If the State Cages You
If you’ve never been to prison, you have no idea what prison is like. No matter how many episodes of Orange Is the New Black you’ve binge-watched, the experience of life behind bars is basically unfathomable to those of us who have only ever known freedom. So when first-time offenders find themselves locked up, they enter the system not knowing what to expect, how to behave, or how to keep themselves safe.
Last week, The Marshall Project published a pair of extraordinary 20-minute videos about what inmates must do in order to avoid becoming victims of sexual abuse. The videos, which were produced through a federal grant under the Prison Rape Elimination Act of 2003, will be shown in institutions across New York state and feature incredibly detailed advice from inmates, some of whom have been sexually assaulted, about how to protect oneself from predators while incarcerated.

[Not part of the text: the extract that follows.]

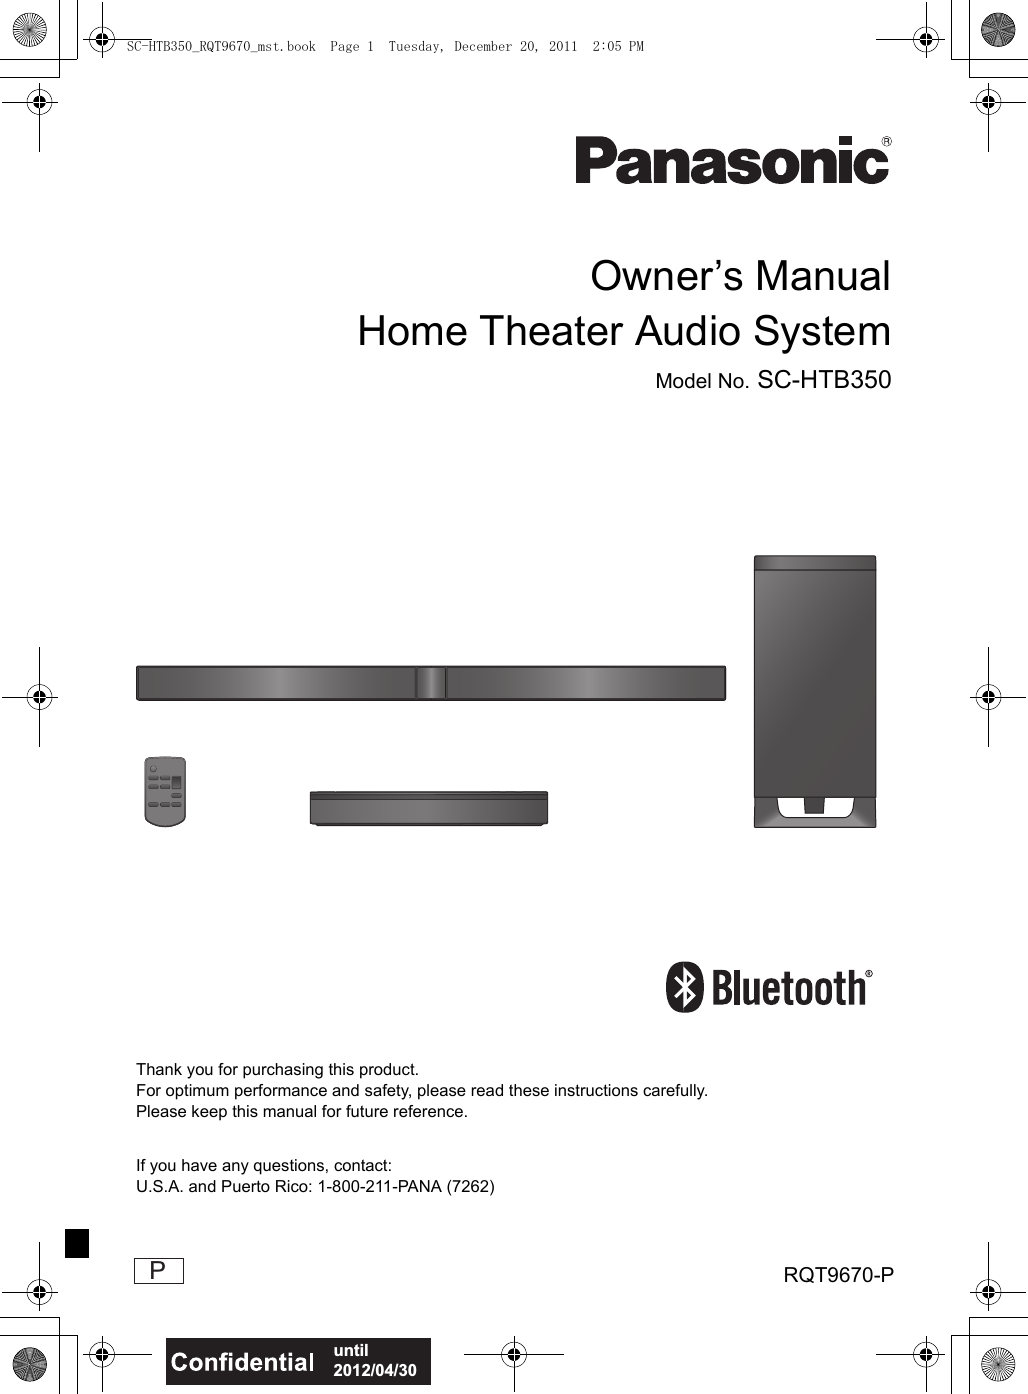 until 2012/04/30Owner’s ManualHome Theater Audio SystemModel No. SC-HTB350 PThank you for purchasing this product.For optimum performance and safety, please read these instructions carefully.Please keep this manual for future reference.If you have any questions, contact:U.S.A. and Puerto Rico: 1-800-211-PANA (7262)RQT9670-PSC-HTB350_RQT9670_mst.book  Page 1  Tuesday, December 20, 2011  2:05 PM

“You might find a pack of cigarettes or a candy bar or something on your bed—don’t eat it,” one inmate says. “Take it off your bed, put it in front of your cell and just leave it as it is. Because if you take that, that can be a debt that you can’t pay back. It might cost you $1,000 … and if you can’t pay back the debt, then they’ll want other things.”
Another inmate weighs in on shower protocol: “A predator will use the shower as an opportunity to get close; don’t let him,” he says. “Never have a conversation with an inmate in an adjacent shower and do not accept T-shirts, boxers, shower slippers, or soap items from another inmate; those are sure signs of a predator that’s getting too close.”
To watch these videos, which were directed by prison rape survivor T.J. Parsell, is to gain a visceral appreciation of how intensely stressful and confusing it must be for newcomers to navigate prison life. Parsell, however, is not the first person to address this reality. It turns out that prison survival guides aimed at nervous, naive new inmates constitute a fairly robust genre.